“Exactly. Sometimes I think they just actually enjoy fighting, because I can’t see any other reason for them picking fights over everything they can. But I hate it. I hate having to listen to it all day and I hate that they don’t care if we can hear them.”

“Dean always figured they’d be divorced by now,” Sebastian said softly. “At the start of every summer, he was sure it was the last one they’d be together. And then every fall, he’d be surprised they made it.”

Dean always thought they’d divorce in the summer because it would be easier on us if we got used to the new arrangement when we weren’t in school.

Plus, he figured everyone else was off on vacations the whole time, so they wouldn’t face the shame of everyone seeing.

He’d be sure every summer, but I’d given up the summer before high school.

“I don’t think it’s ever going to happen.

I think in some weird way, they need each other.

And they both know that if they leave, they’ll only make it a couple of weeks before they come crawling back.

” I swallowed thickly. “Do you think that’s what love is?

Needing somebody so badly that you don’t care if you make each other crazy? ”

“No,” Sebastian said immediately. I glanced over at him in surprise.

I was sure he wasn’t going to answer, or if he did, he would be more hesitant.

Because wasn’t that exactly what he had with Tiffany?

All they did was fight and fight until they eventually reached the tipping point of breaking up.

Then they would get back together and start the cycle again, repeating it over and over again.

They were just like my parents. Even though my parents didn’t break up, they got close to it.

They would fight and walk away and come back because they knew that they couldn’t leave completely.

They knew it wasn’t an option.

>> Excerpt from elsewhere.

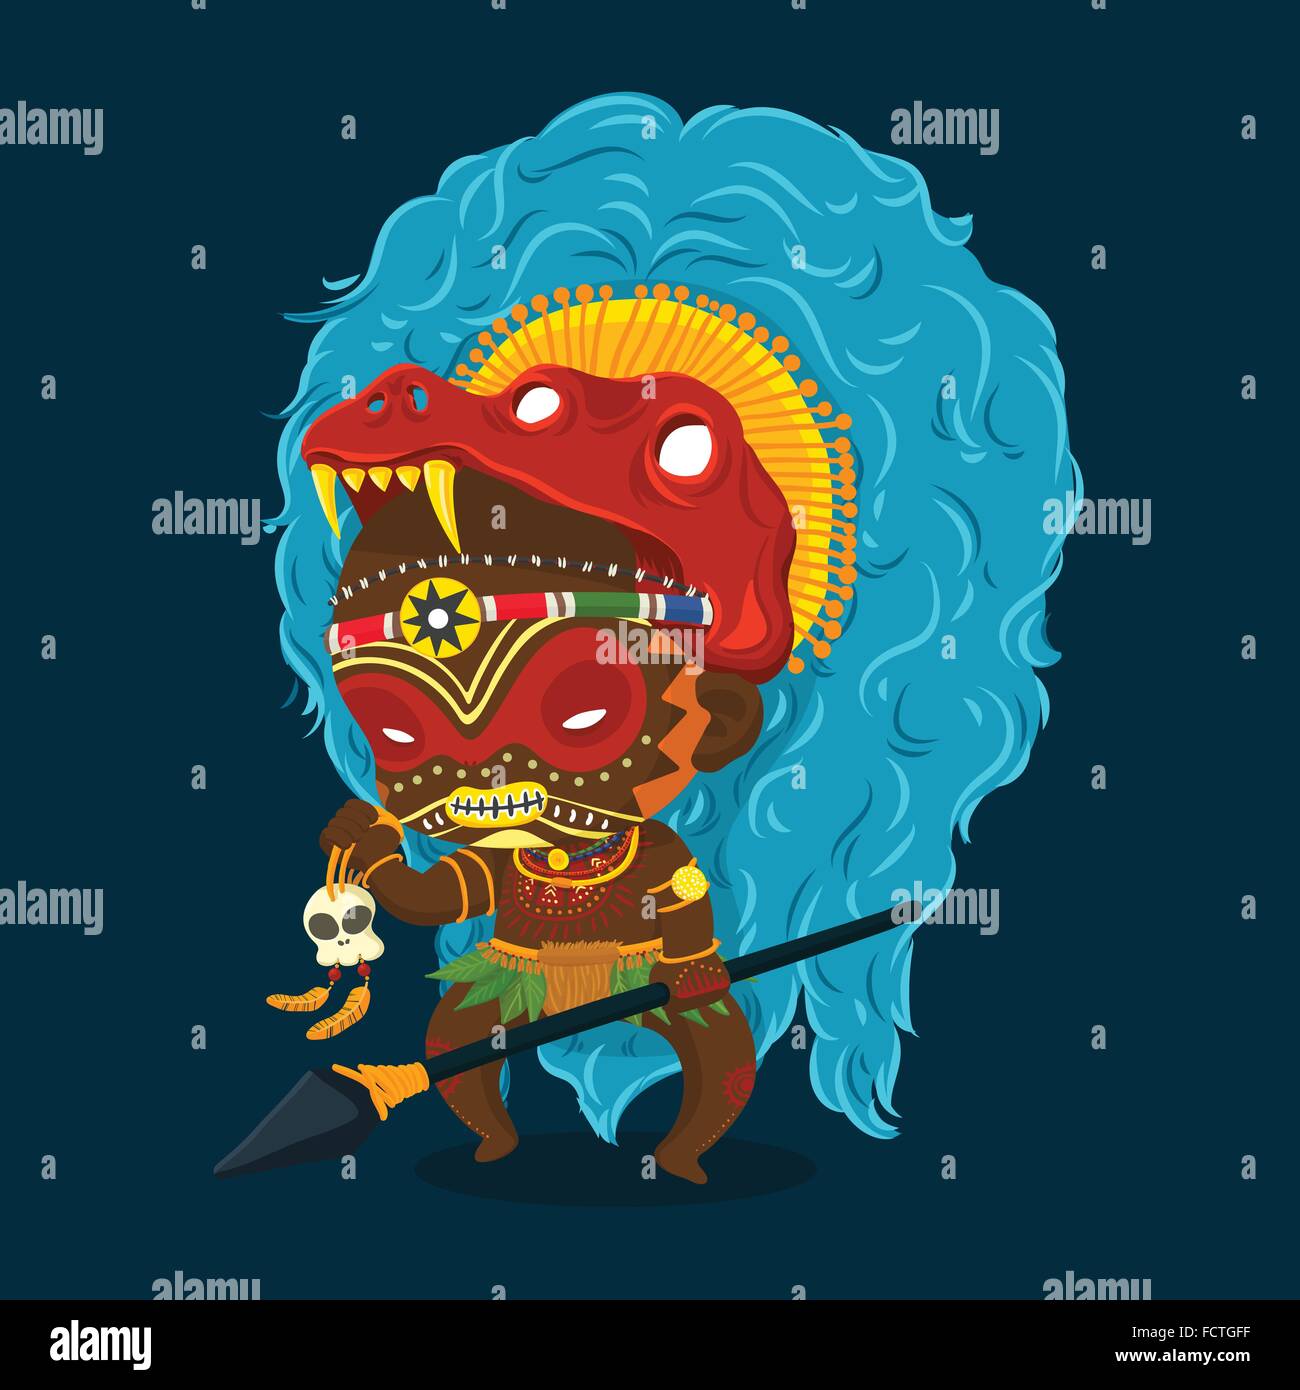 Vector Illustration of African Tribe Shaman with Spear and Skull Cartoon Character Stock Vector

But for Sebastian and Tiffany, it was an option.

And they always knew the other would come back to them in the end.

It was like a safe break-up—taking a step away, knowing they would be back in no time at all.

“What do you think love should be then?” I asked.

Sebastian rolled the cigarette between his fingers and I watched a couple small sparks fall off the end and land on the gutter by his feet.

“I guess it should be the feeling of coming home every day,” Sebastian said. “Like you’re where you’re meant to be.”

I couldn’t help myself from asking the question I knew shouldn’t be voiced.

“Is that what you have with Tiffany?” I asked. “Is she where you’re meant to be?”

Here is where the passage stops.